The theatre had a really nice setting beside the river, with lots of swans and ducks. I have never seen the back of a theatre, so the tour was very interesting. I had always wondered how they changed scenes and lighting, so it was good to find out. The lady who took us round was really friendly, but did assume that we knew some terminology. I guess some school groups, like the drama school students who we went with, would have been told a little bit beforehand, whereas we just went along as tourists.
Stratford is tricky to reach by train: there are frequent services from Moor Street in Birmingham, but only one train every two or three hours on the main line from London Paddington and Oxford. By car, the M40 makes Stratford easy to reach from almost anywhere. Limited car parking outside the RSC, large car park opposite the Royal Shakespeare Theatre a short walk away.

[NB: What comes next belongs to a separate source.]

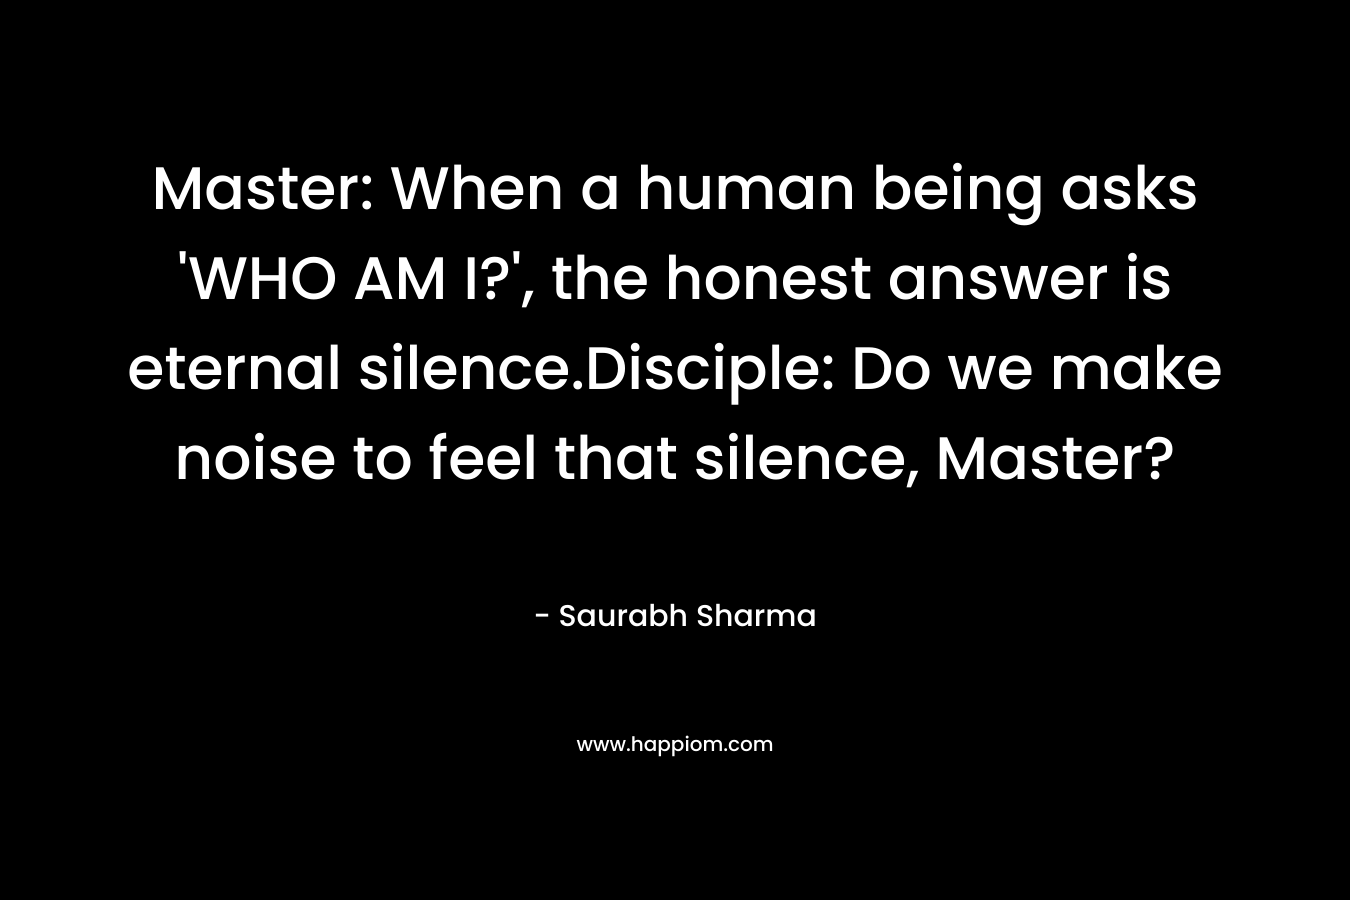 Master: When a human being asks 'WHO AM I?', the honest answer is eternal silence.Disciple: Do we make noise to feel that silence, Master?

The Royal Shakespeare Company perform in their three theatres in Stratford - the Royal Shakespeare Theatre, the Swan Theatre and the Other Place. Current performances include Shakespeare's The Tempest, Twelfth Night, The Merchant of Venice and The Two Gentlemen of Verona; Bartholomew Fair by Ben Jonson; Roberto Zucco by Bernard-Marie Koltes; and Goodnight Children Everywhere by Richard Nelson. Tickets cost from pounds 5 to pounds 38 (01789 205301).
Backstage tours take place daily 1.30pm and 5.30pm. They last about 45 minutes. Admission for adults costs pounds 4, for students and OAPs pounds 3, Sunday family ticket pounds 12. It is advisable to book in advance (01789 412602).
Food: In the theatre complex, snacks are available at the River Terrace Cafe bar and full meals are served at the Box Tree Restaurant. There are excellent bistros and restaurants on Sheep Street, opposite the theatres.
Other attractions: Shakespeare's birthplace, open daily 9am-5pm, adults pounds 4.50; children pounds 2. Nash House and New Place, open daily, 9.30am-5pm, adults pounds 3, children pounds l.50. Hall's Croft, open daily 9.30am-5.30pm, adults pounds 3.50, children pounds l.50. Anne Hathaway's cottage, open daily, 9am-5pm, adults pounds 3.50, children pounds l.50. Mary Arden's house, open daily 9.30am-5pm, adults pounds 4, children pounds 2. Opening times are 30 minutes later on Sundays, and change between October and March for all these sights. Five sights inclusive ticket: adults pounds 10. children pounds 5, OAPs pounds 9, family pounds 26.60.